Slide seven shows our continued progress in driving down capital costs in each program. We've maintained a favorable trend despite generally drilling longer laterals with larger and more complex completion jobs over this timeframe. We expect this trend to continue. We're showing the full year estimated averages in these 2016 numbers, which includes some carrying costs from wells that were drilled in 2015. But based on these trends and our ongoing initiatives, I expect that we're soon going to delivery Eagle Ford and Wolfcamp wells at or below $4 million per well. And in each of these programs, we've seen the benefit of overall service cost declines and improved efficiencies that we've been able enable to capture to-date and that we intend to hold on to long term. Our asset and operating teams have just done a great job of continuing to find ways to reduce well costs across all of our programs. That covers the overall results for the quarter.

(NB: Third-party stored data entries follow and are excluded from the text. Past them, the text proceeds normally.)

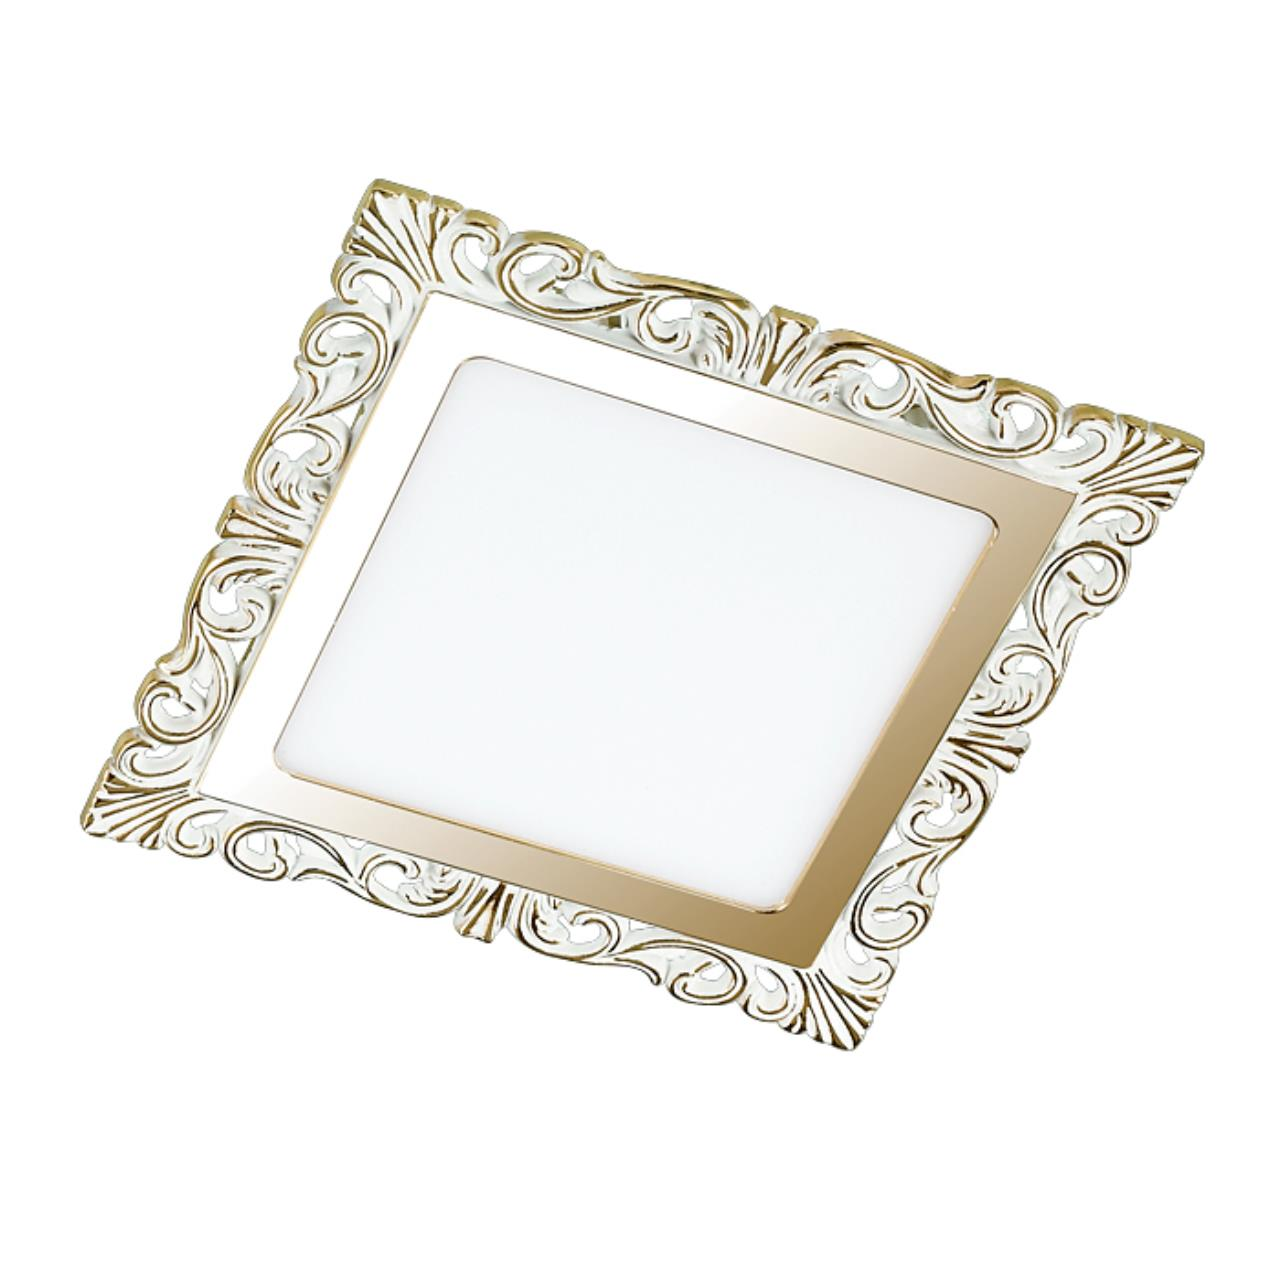 357279 SPOT NT16 141 белый/золото Встраиваемый светильник IP20 LED 3000K 12W 220-240V PEILI
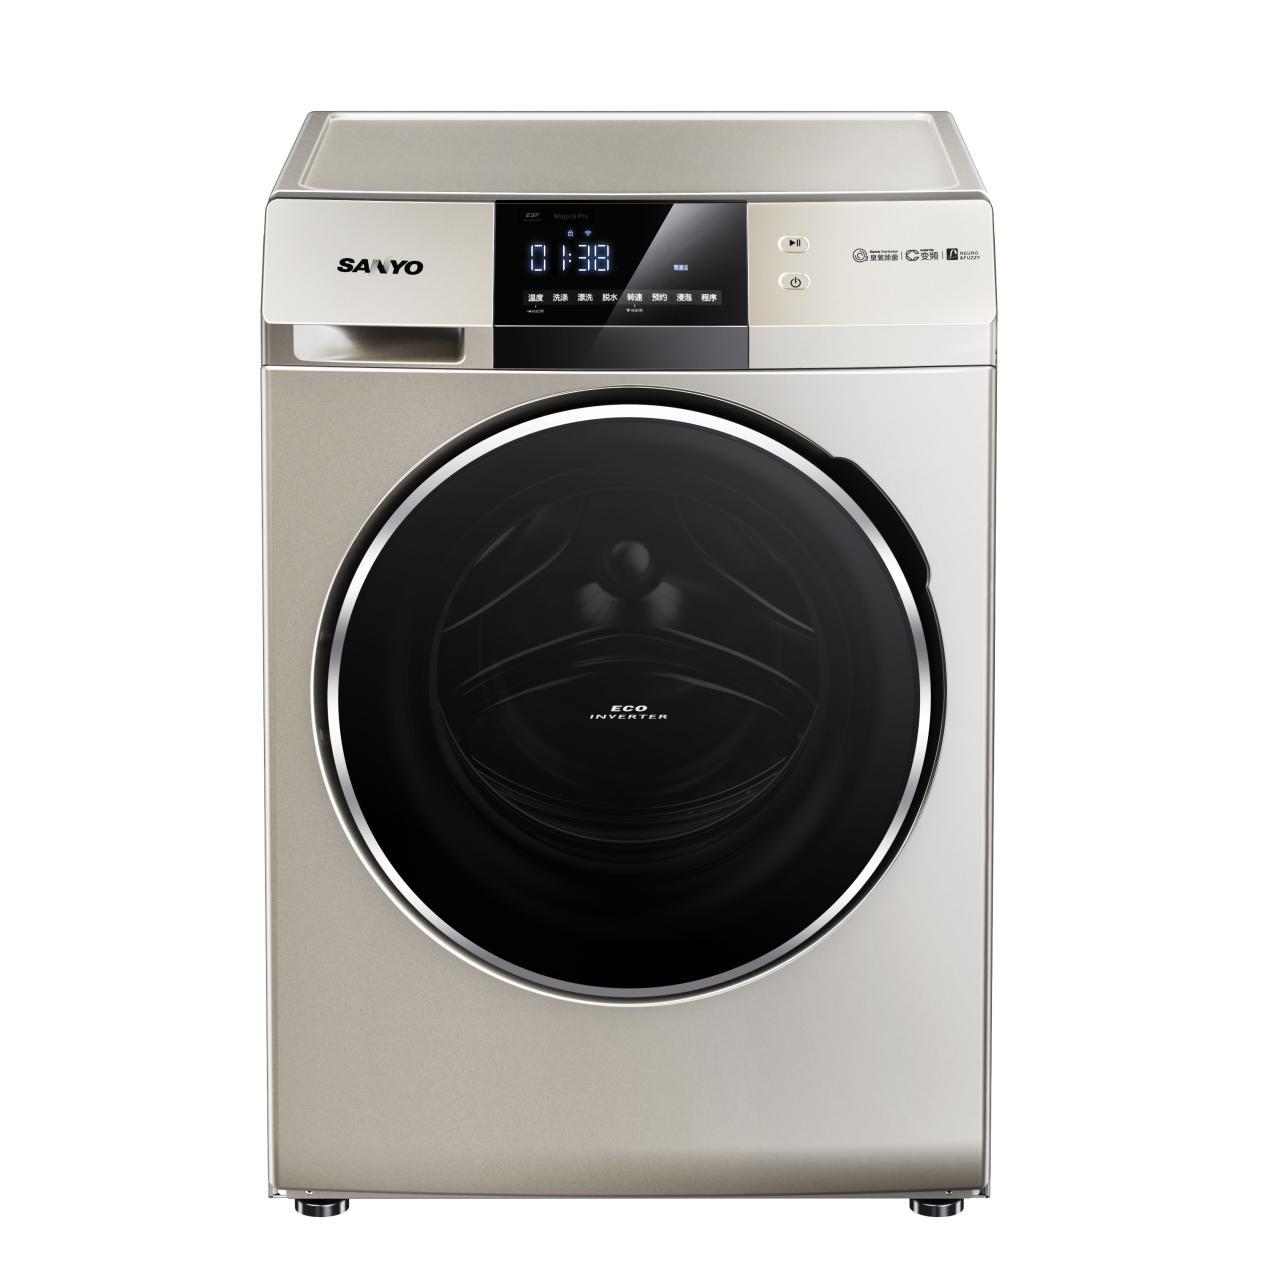 2019年洗衣机品牌排行_海信 hisense XQG70 X1001S 7公斤 滚筒式洗衣机 白色
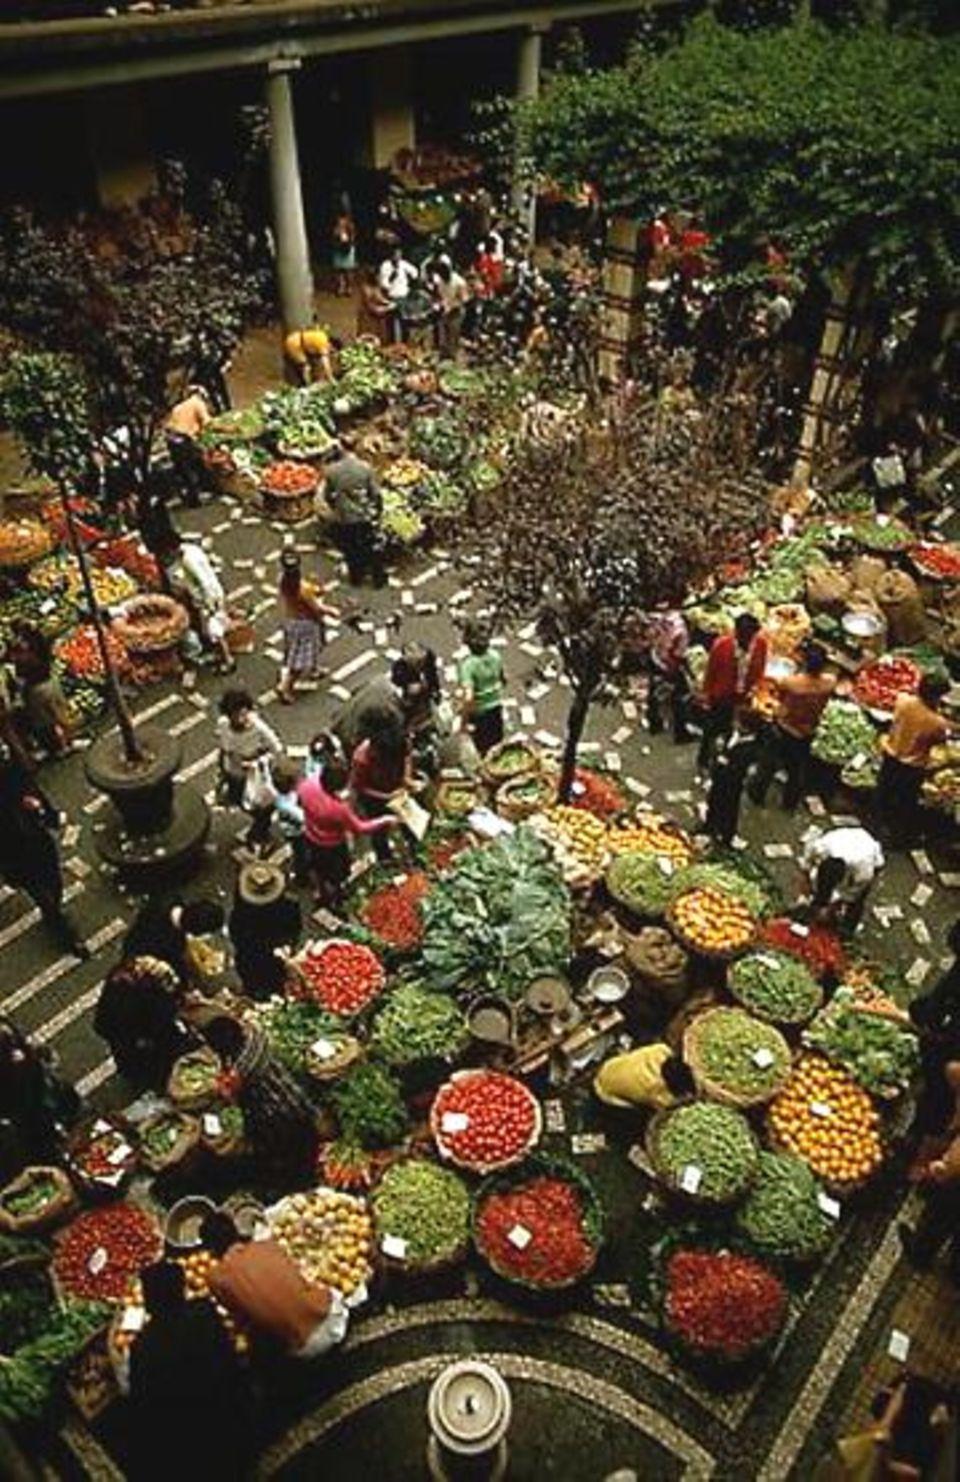 Samstag morgens kommen auf dem Markt in Funchal alle Sinne auf ihre Kosten
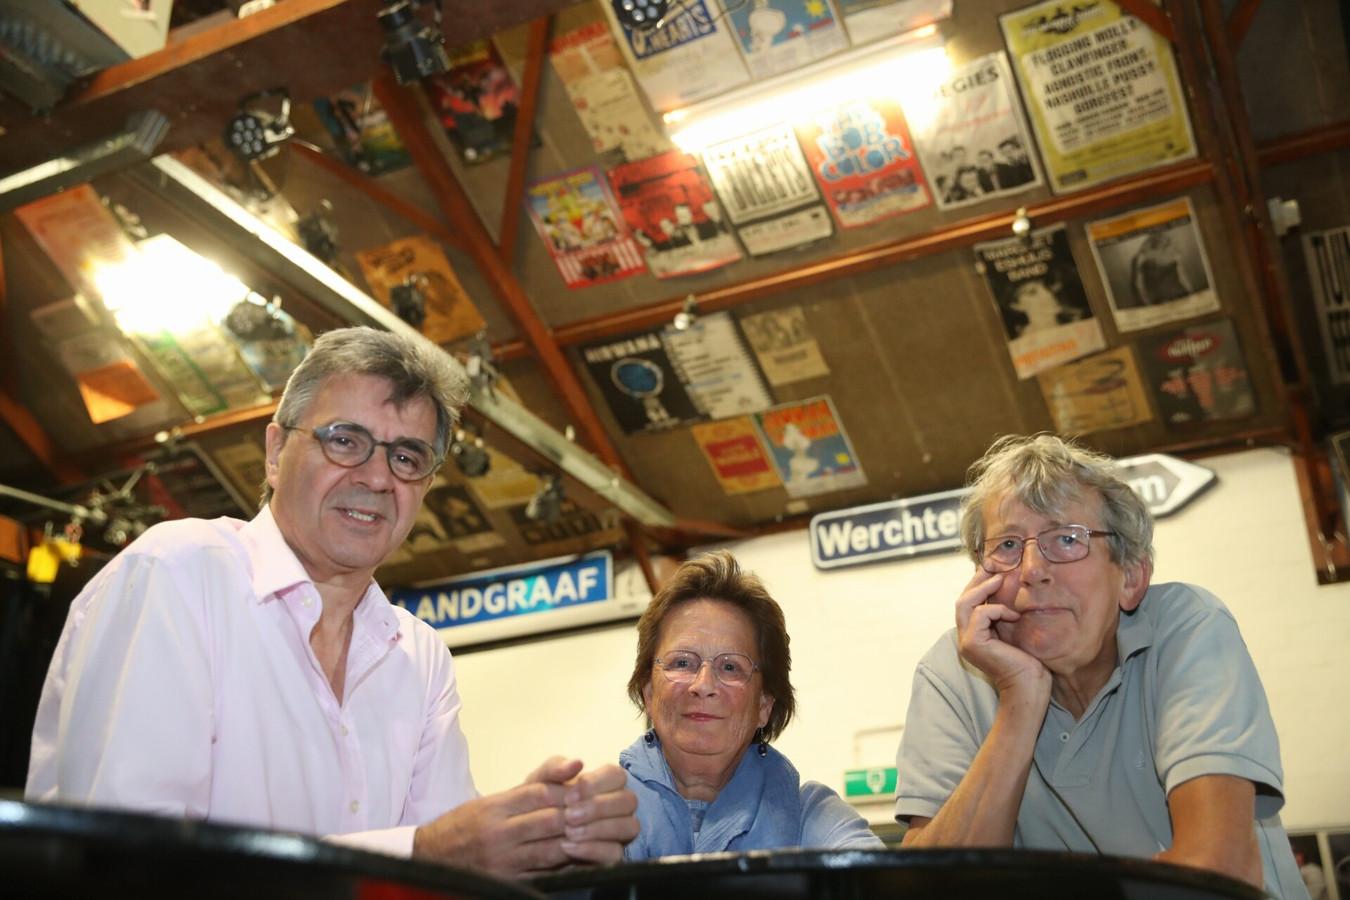 Vlnr: Martien Joosten, Mieke van Stiphout en Frans Cortooms in jongerencentrum Nirwana in Lierop

Slide eight highlights some of the recent developments and the positive changes that have incurred in our Wolfcamp asset. We've always believed that our Wolfcamp is a great asset. We've been developing this program for several years now; we've learned great deal and we've recently improved on many of the value drivers.

So, we plan to spend some time on the call today updating on this evolving story. Our technical teams continue to advance our knowledge of the asset and our database now incorporates all the drilling, completion, reservoir production and seismic data over four counties. And that really allows us to refine our drilling plans with very specific landing targets – landing zone targets.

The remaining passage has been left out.